Both give good memories, though!


Due to the MRE’s ability to stop you up (especially peanut butter and crackers) MRE were also known as Meals Refusing to Exit. I went days without crapping in Africa and the ME. Maybe that’s a good thing.

BEagle
18th Jul 2020, 23:08
Having got utterly fed up with those Minevals when you would be called out at some ungodly time of night only to rush in and wait for a jet, with neither breakfast nor exercise rats, I decided to keep a frozen sausage sandwich in my home freezer. By the time all the headless chickens had stopped buggering you about, it would have thawed perfectly in a lower leg pocket and at least I wouldn't starve....

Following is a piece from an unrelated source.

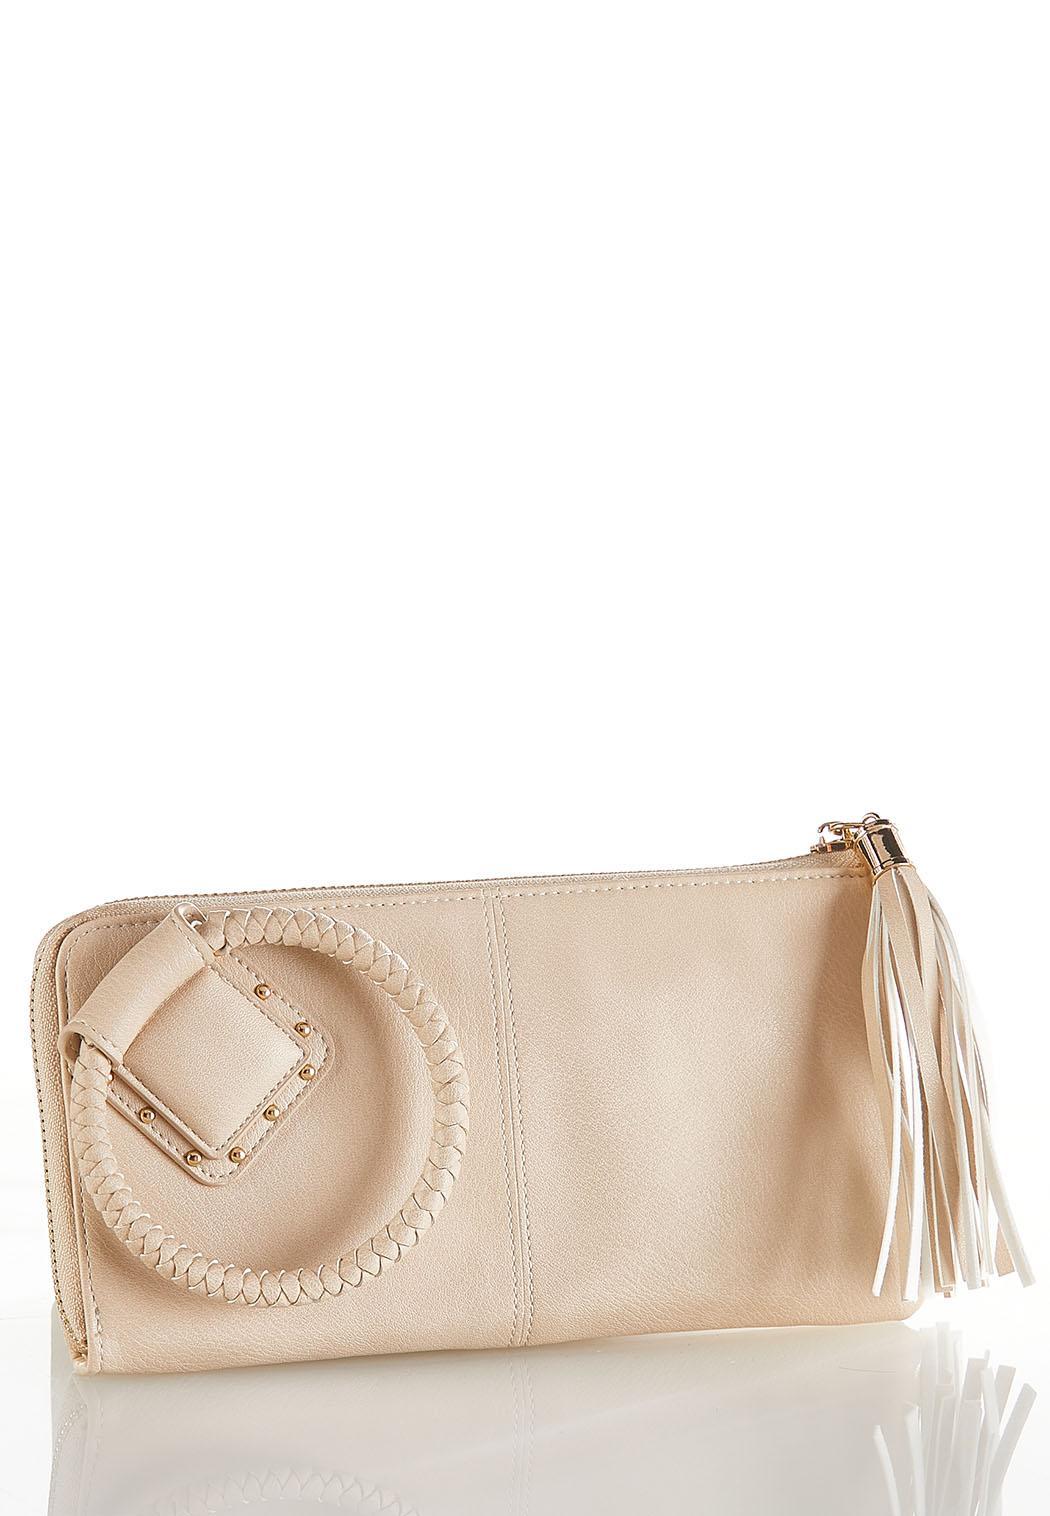 Braided Handle Wristlet Wallet

One day I fished it out and was about to unwrap it when some exercise inject foiled me. But half an hour later I was able to tuck in....

…..only to discover that someone, who to preserve anonymity I will refer to as Jerry U**n, had laced the thing with tabasco. It was hotter than hell, but I feigned nonchalance..... Revenge shall be mine!

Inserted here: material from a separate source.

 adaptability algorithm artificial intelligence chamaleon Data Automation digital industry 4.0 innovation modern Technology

Thus it was a little later when, after making himself a cup of green pea soup, Jerry discovered that half a tube of Sweetex didn't really improve the flavour!

Best V-force in-flight was the 'Po'boy sandwich' from the Offutt SAC flight kitchen. It resembled a rugby ball made of bread filled with all manner of meat, cheese, lettuce, tomato and heaven knows what else. Plus a bag of 'sour cream flavoured ripple chips'...which were 'different'.

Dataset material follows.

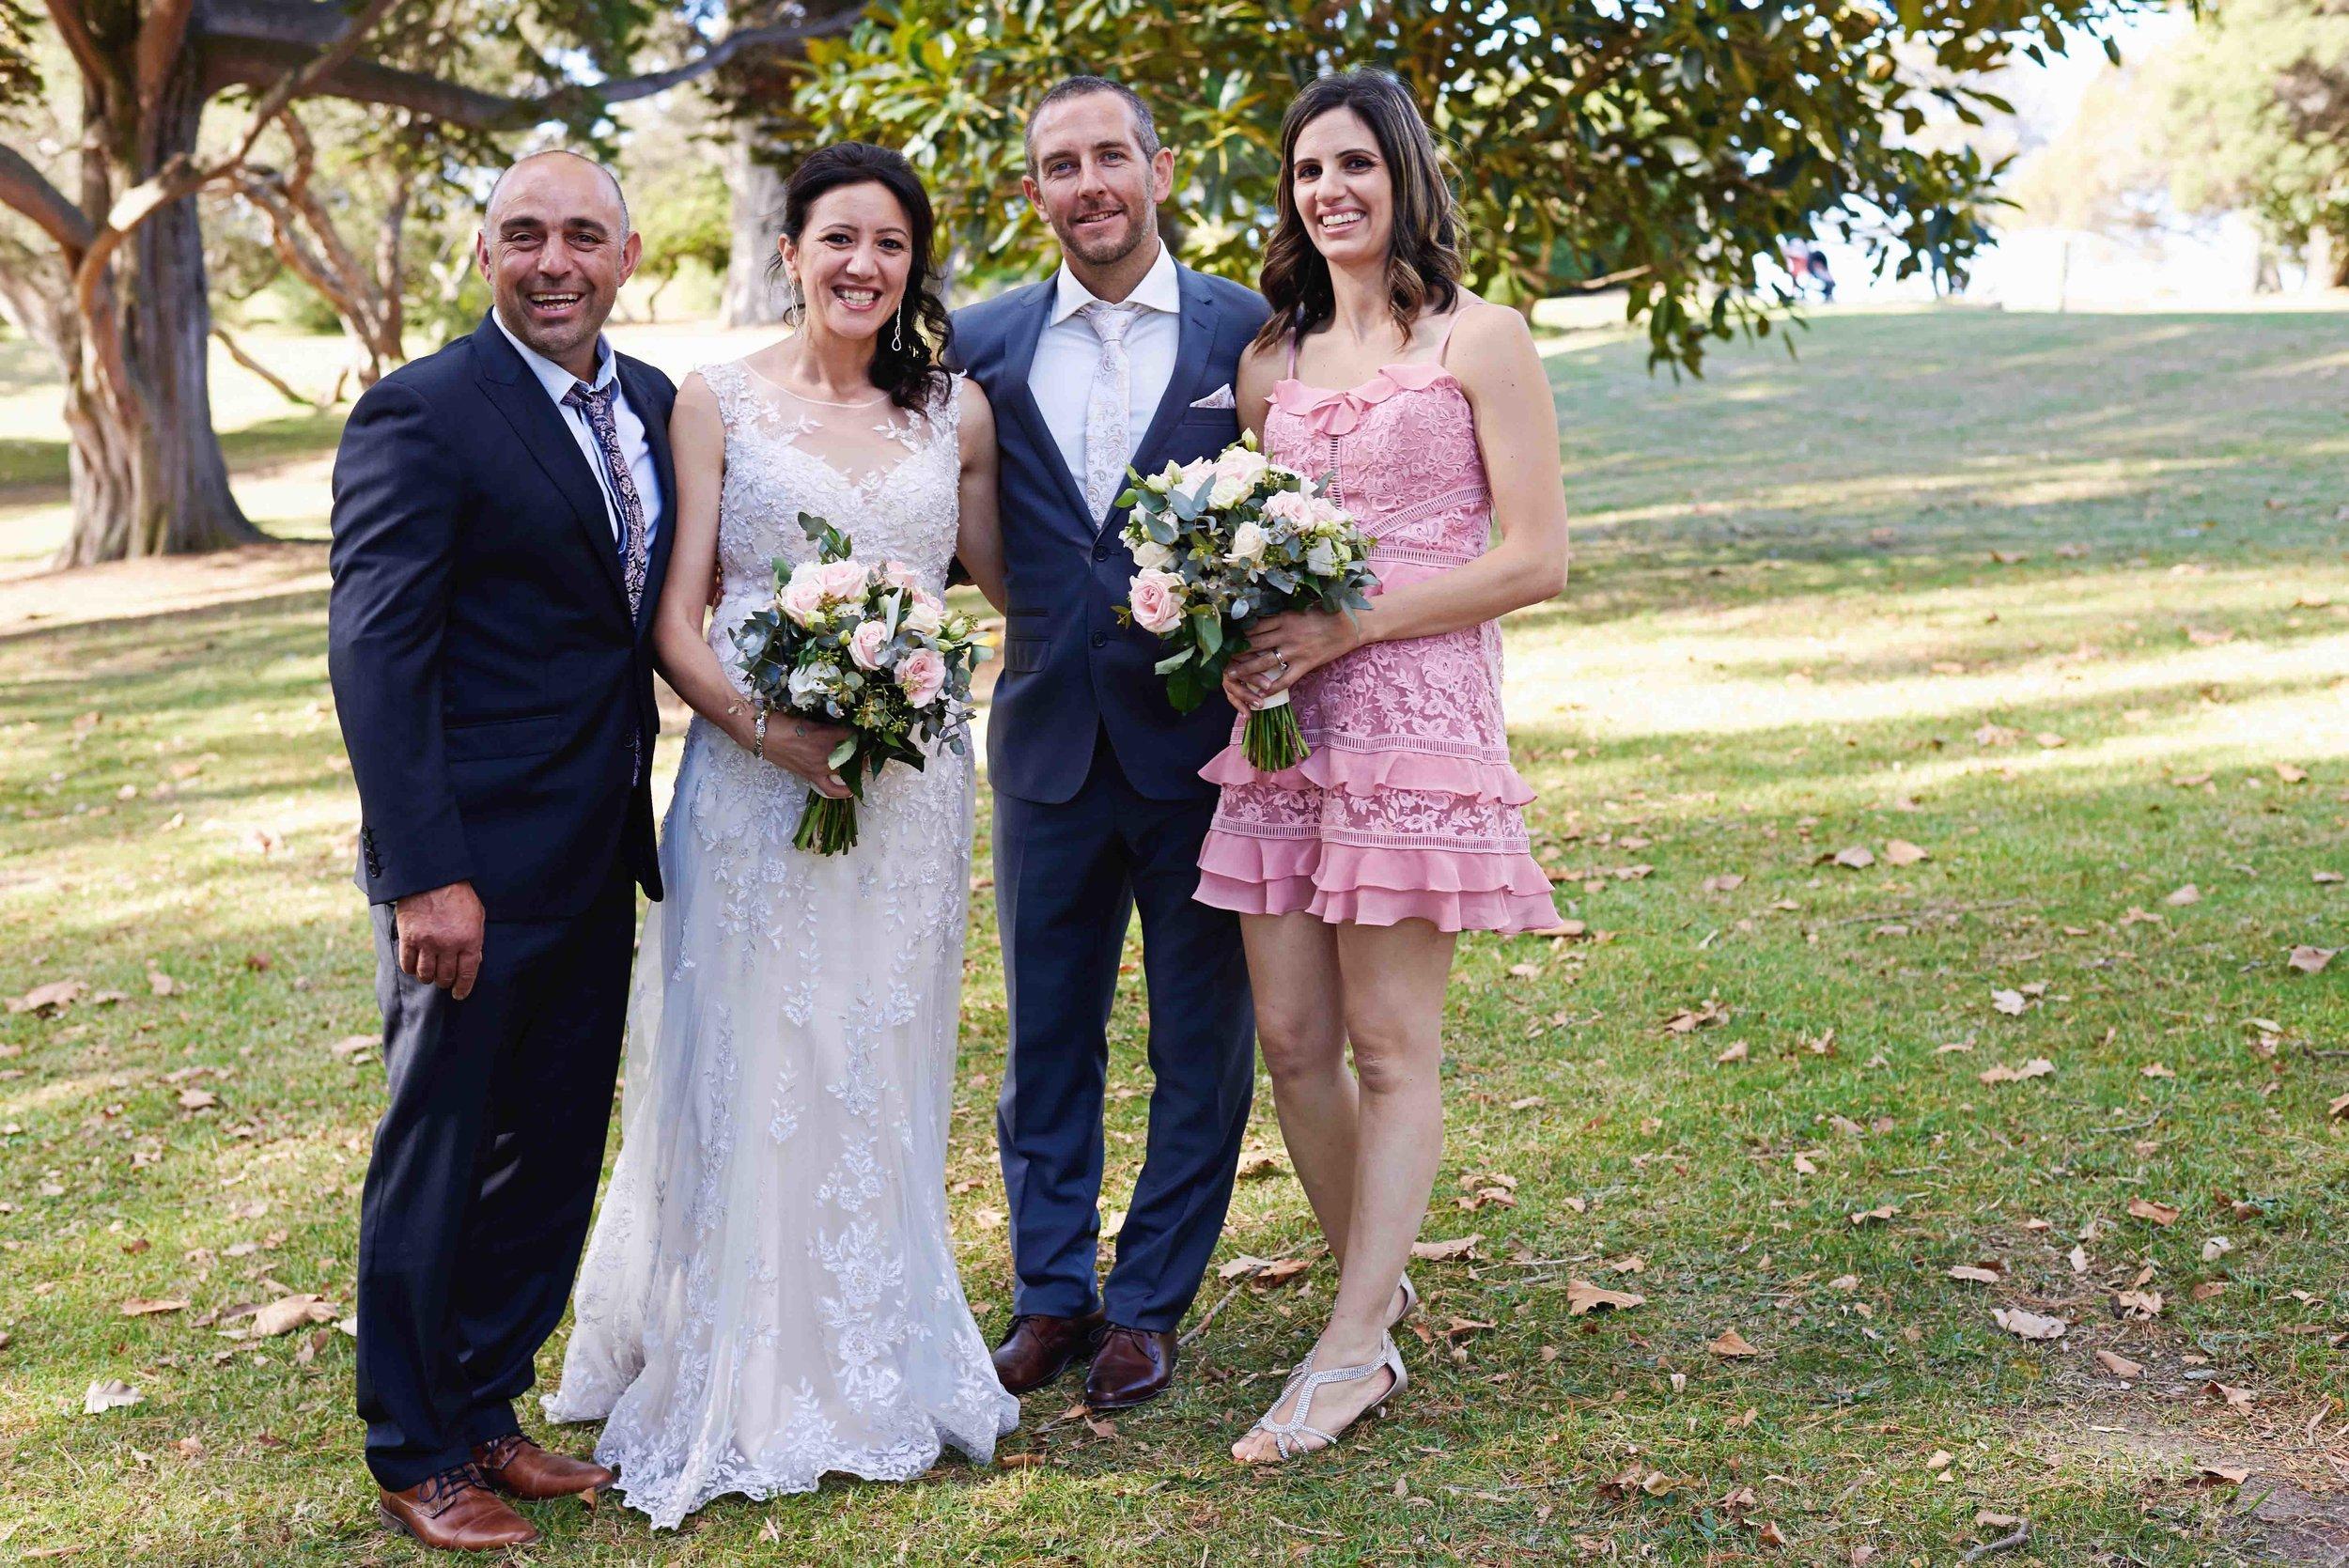 sorrento-wedding-photography-all-smiles-marissa-jade-photography-131.jpg

Worst Brize in-flight? The infamous Robirch pork pie - it was always so stale that if you shook it, you could hear the ball of congealed tail and trotters rattling around inside like a dice in a cup.....

…..

Auxtank
19th Jul 2020, 18:18
Worst Brize in-flight? The infamous Robirch pork pie - it was always so stale that if you shook it, you could hear the ball of congealed tail and trotters rattling around inside like a dice in a cup.....
…..

But, with that peculiar trait, in a tight spot, they could be used as a very effective emergency gyro-compass - always aligning to Melton Mowbray.
They tasted awful - but at least you'd get home.

Pontius Navigator
19th Jul 2020, 19:24
Beagle *re*?

PapaDolmio
20th Jul 2020, 16:59
But, with that peculiar trait, in a tight spot, they could be used as a very effective emergency gyro-compass - always aligning to Melton Mowbray.
They tasted awful - but at least you'd get home.

Similar then to the infamous 'Penny's Pies' that were a regular feature of white boxes of horror emanating from in-flight at Lyneham. One unfortunate C130 captain finding a feather in his chicken and mushroom which sparked a comment from either the FE or ALM 'Well at least you know it is chicken'.

I was also a bit suspicious of the pink stuff that inhabited the inside of the sausage rolls, so much so that I used to carefully dissect them and remove said pink stuff and replace with the contents of a packet of crisps- prawn cocktail being my particular favourite. Don't get me started on fruit polos.

To be fair, most of the food that came out of Lyneham was actually pretty good.